Consider how the inequality dimension data were recorded

The measurement of a given inequality dimension is a primary consideration for how it can be categorized into subgroups. A dimension of inequality that is measured with more granularity (i.e. with more detailed information) allows for a greater range of options for forming subgroups. For example, consider the categorization of education subgroups when education is measured as the highest level completed, and data correspond to six response options – less than primary school, primary school, secondary school, post-secondary diploma or certification, bachelor’s degree or equivalent, and postgraduate degree. Potential options for categorizing subgroups are shown in Figure 17.1. There are multiple options for categorizing the dimension as six or fewer subgroups – including options with the same number of subgroups but different composition (as demonstrated by options A and B for three subgroups). With the extent of available information in this example, however, it would not be possible to categorize education into more than six subgroups.

FIGURE 17.1. Categorizing education subgroups: selected examples of categories based on data with six responses

The examples shown in this figure do not represent all possible categorizations.

For dimensions of inequality recorded as continuous variables, subgroups may be constructed based on ranking and dividing the population into equally sized tertiles (three groups), quartiles (four groups), quintiles (five groups), deciles (10 groups), percentiles (100 groups), and so on. For example, monitoring of economic-based inequalities may compare health indicators between wealth quintiles (the poorest 20% versus the richest 20% of the population) or deciles (the poorest 10% versus the richest 10% of the population) (27). In this case, the determination of the number of subgroups entails consideration of resolution issues (see Chapter 18) and sample size (see below).

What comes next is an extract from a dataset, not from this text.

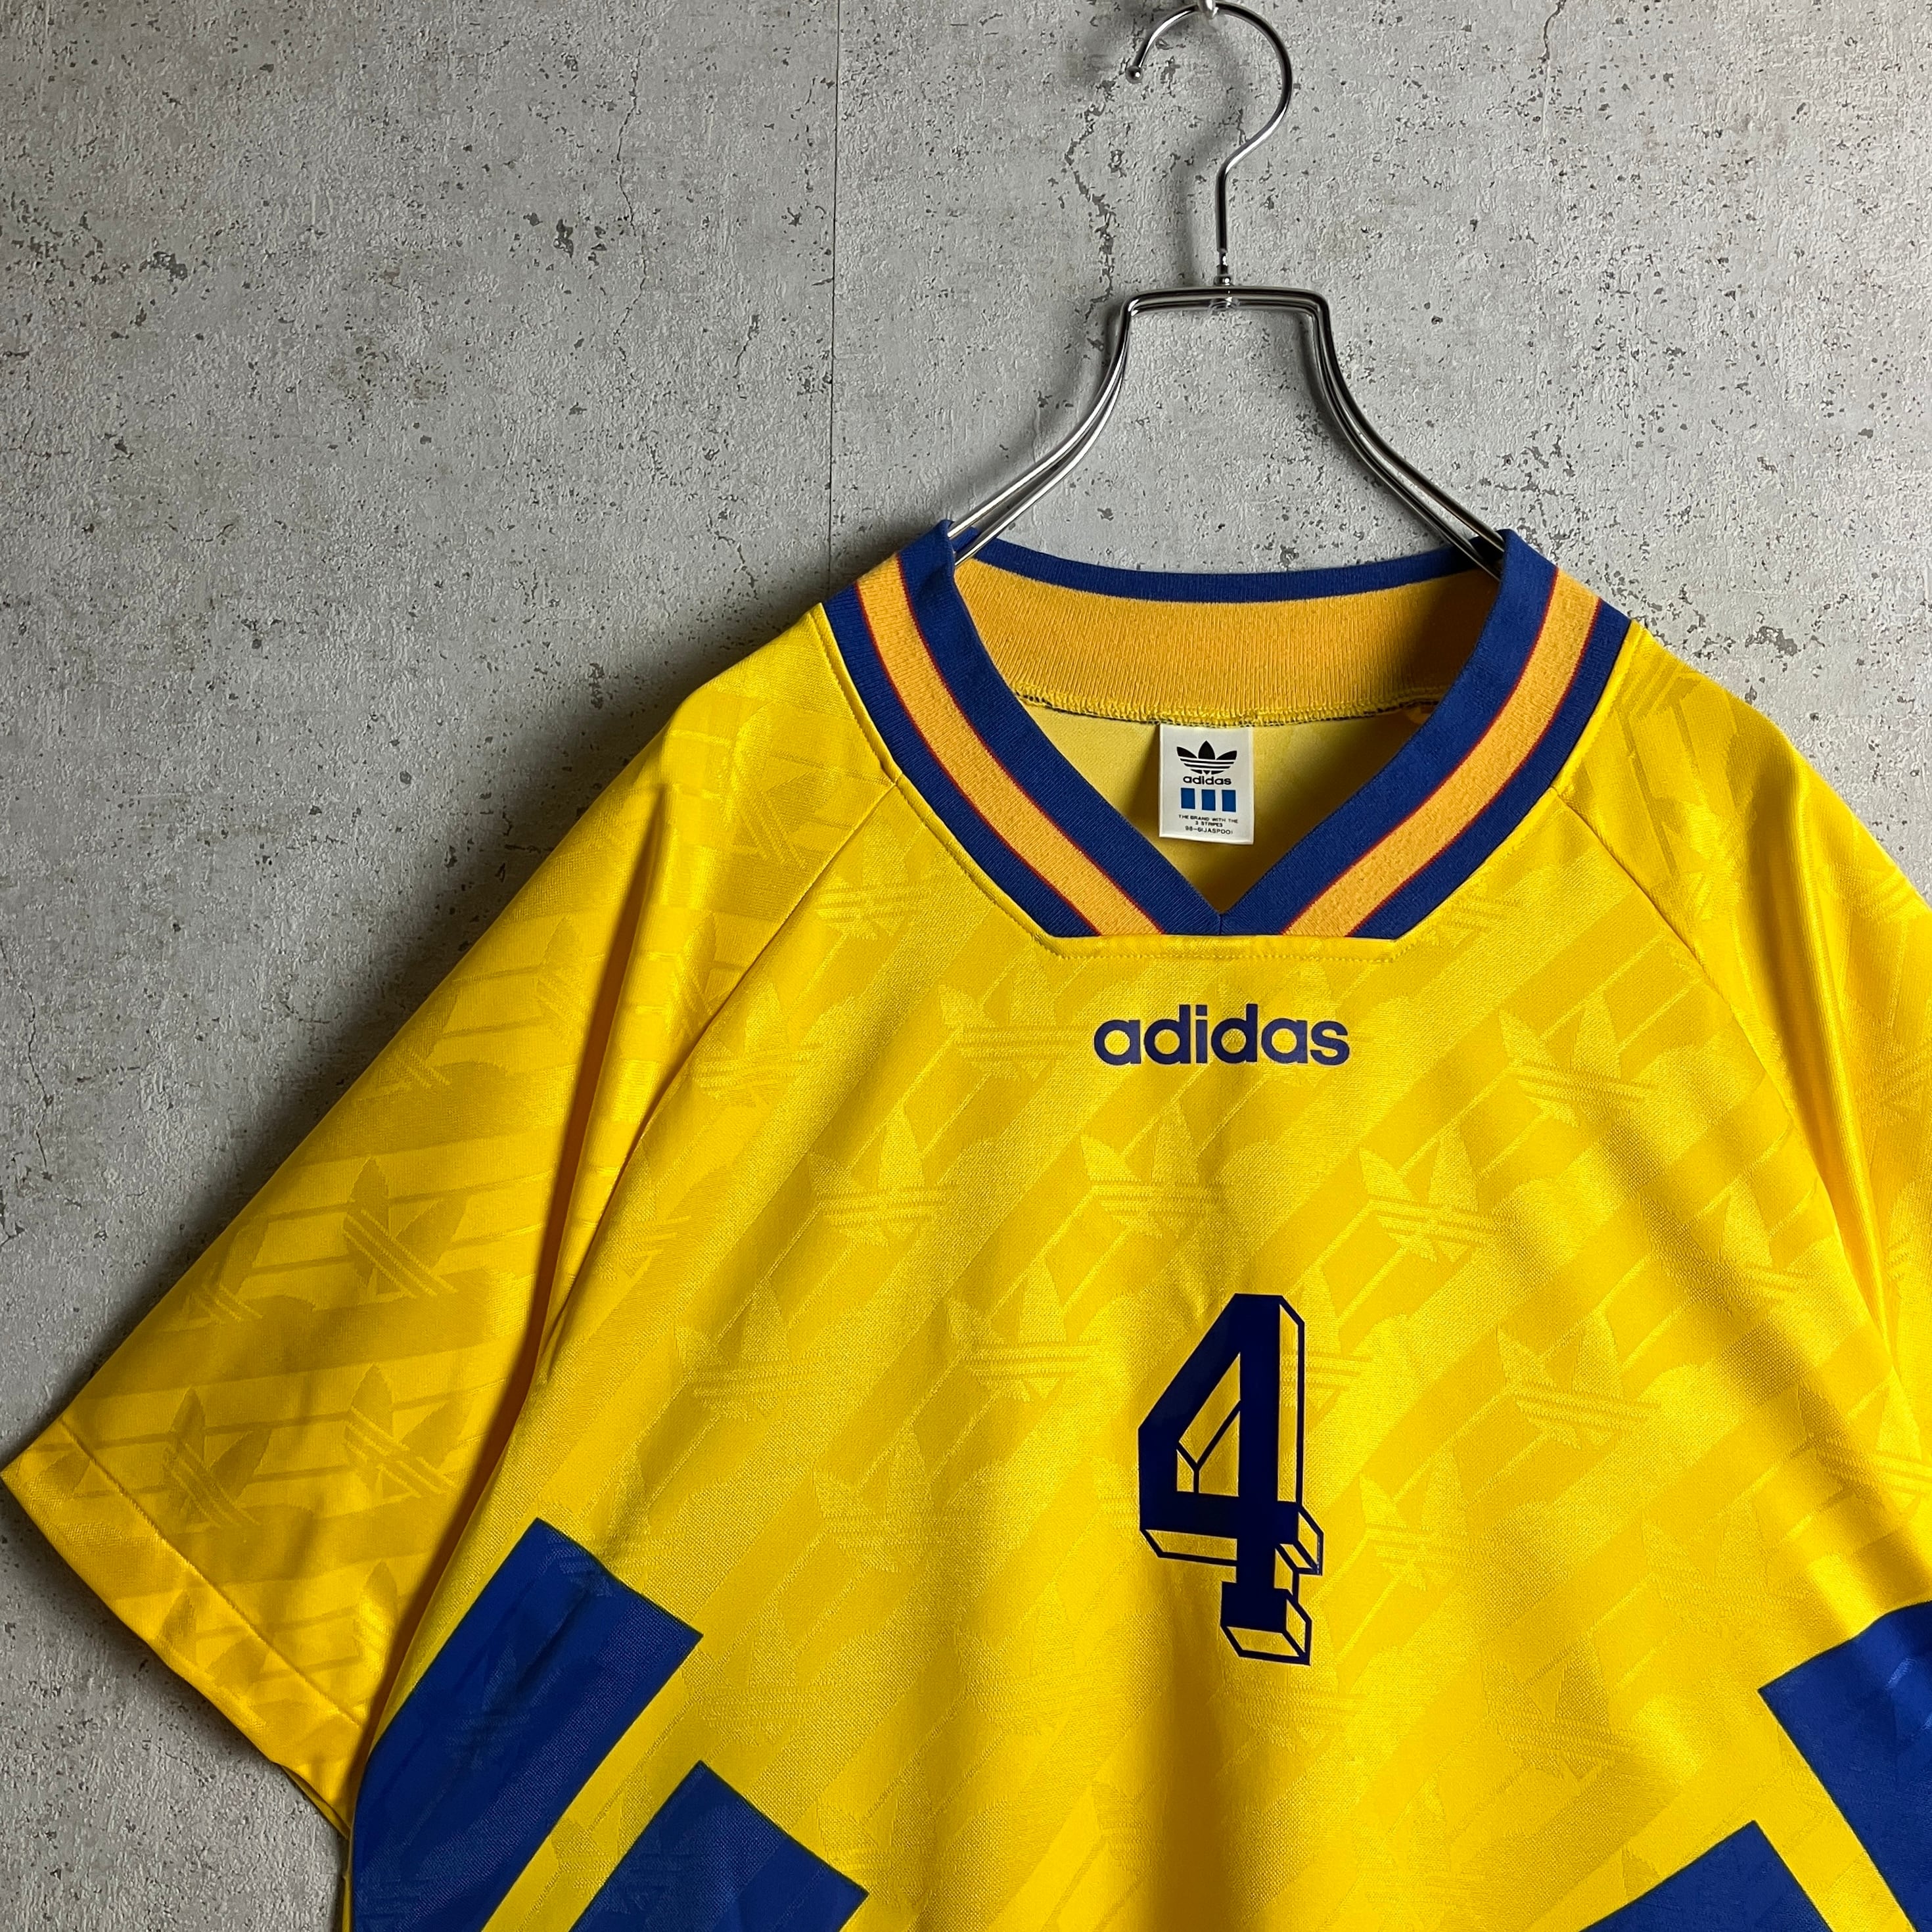 00s Adidas アディダス ゲームシャツ サッカー シルバー Y2K

Sample size considerations

Sample size constitutes another important consideration when using certain data sources, such as household surveys or surveillance systems. The sample size of population subgroups is especially pertinent if the data source was originally designed to be representative of a larger population and not of smaller subgroups identified for inequality monitoring. If a population subgroup has a small sample size, the resulting estimate will be less reliable than a population subgroup with a large sample size. In some cases, small sample sizes may pose a risk to confidentiality, whereby individuals with unique or rare characteristics may be identifiable, especially if data files can be linked, merged or matched with other information sources. If no data are available for one or more subgroup, the possibilities for further inequality analysis are limited.

Sample size refers to the number of people on which the disaggregated (subgroup) estimate is based – that is, the denominator used to calculate a disaggregated estimate.

The categorization of dimensions of inequality can help to circumvent limitations posed by small sample size. Subgroups with low sample sizes can sometimes be combined with data from other response groups to form one subgroup that consequently has a larger sample size. Consider the categorization of education subgroups using household survey data. Although information may be collected about six education categories (see Figure 17.1), the sample size for certain responses may be very small. For example, in a population where the overall level of education is high, there may be only a few surveyed individuals who respond that their highest level of education was “less than primary school”. The estimate for this subgroup may therefore be unreliable, with a high degree of uncertainty. The “less than primary school” and “primary school” subgroups could be combined as “primary school or below”. This can help to generate estimates that are based on larger sample sizes and therefore are more reliable (although estimates are still subject to uncertainty and potential bias).

In some cases, however, it may not make sense to combine the response options, and therefore the response with the small sample may need to be flagged as “based on small sample size” for transparency or may need to be excluded from reported if the sample size is critically low (Box 17.4). Calculating the standard error or confidence intervals for disaggregated data estimates is helpful to show the reliability of estimates. The coefficient of variation (the ratio between the standard deviation and the mean) serves as another tool to flag estimates with low precision. In the literature, thresholds between 10% and 20% have been used, with estimates exceeding the specified threshold considered unreliable (30, 31).

In the longer term, the possibility of low sample size can be accounted for in the design of household surveys. If certain minority subgroups are especially relevant for monitoring, the survey sample design can be revisited to ensure oversampling of individuals from these groups (see Annex 8).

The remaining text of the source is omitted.